PPh’s Baseball Club was born in the year 2000 by a group of dedicated resident baseball fanatics along with our President and CEO, Anthony Manzo. Having identified a popular common interest amongst them, this group started gathering on the last Wednesday of each month to talk about matters of Baseball both past and present.

Ed Rudzinski and the late Ernie Miller

Ed Rudzinski and the late Ernie Miller

The club currently averages about 30 attendees a session, all of whom enjoy light snacks, cola and talking shop. Each member fills out a prediction card for division and pennant winners at the start of each season.  The group tends to be pretty evenly split among male and female most of which are fans of either the Philadelphia Phillies or the Oakland Athletics (who were actually in Philadelphia from 1901-1955 as the Philadelphia Athletics). They even attend a Phillies game each season, and many of them attend a few other games as well.

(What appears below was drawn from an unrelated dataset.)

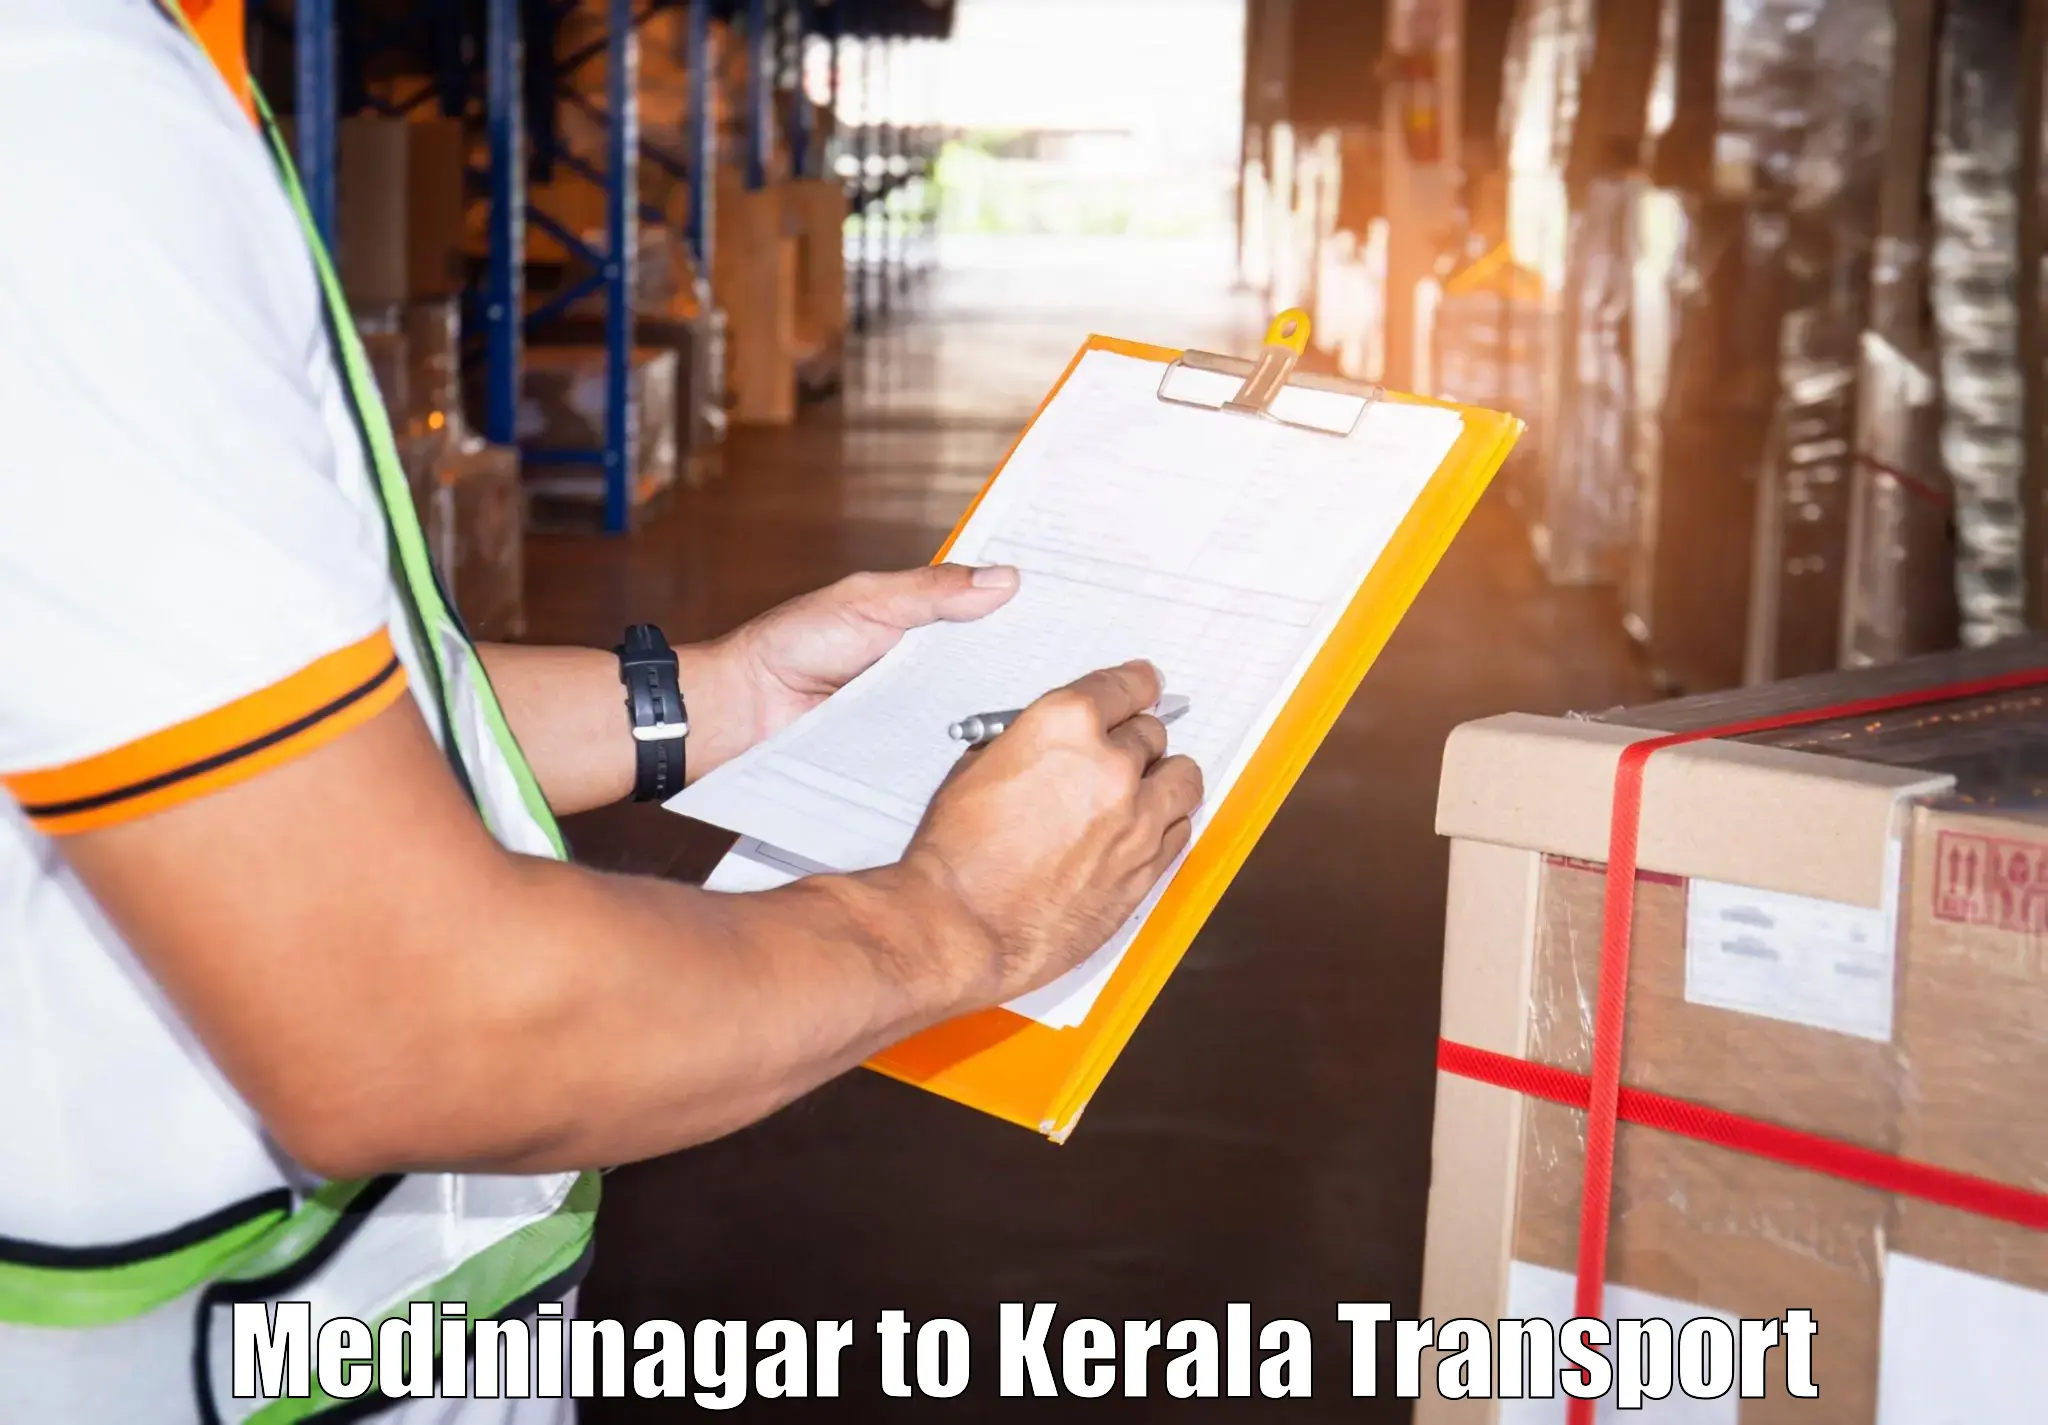 Express transport services Medininagar to Kannapuram

One popular topic of discussion is to relive some of their favorite memories of the game.  For Edward Rudzinski, a resident of PPh for the past 20 years, his favorite baseball memory is simple. As a child living in the Kensington neighborhood of Philadelphia, Ed used to make extra spending money by helping to clean up the Baker Bowl (home of the Philadelphia Phillies from 1887-1938 and host of the 1915 World Series) after practices and home games. On one such occasion, he caught a glimpse of his all-time favorite baseball player, Joe Medwick of the St. Louis Cardinals. In the days before television and internet, catching a glimpse of someone that you would normally only read about in the newspaper or hear about on the radio was a big deal. For Ed, the experience was unreal. It is memories such as this that really brought the Baseball Club at The Philadelphia Protestant Home together.

Now that we know Ed’s favorite baseball memory, we ask you the reader: What is yours?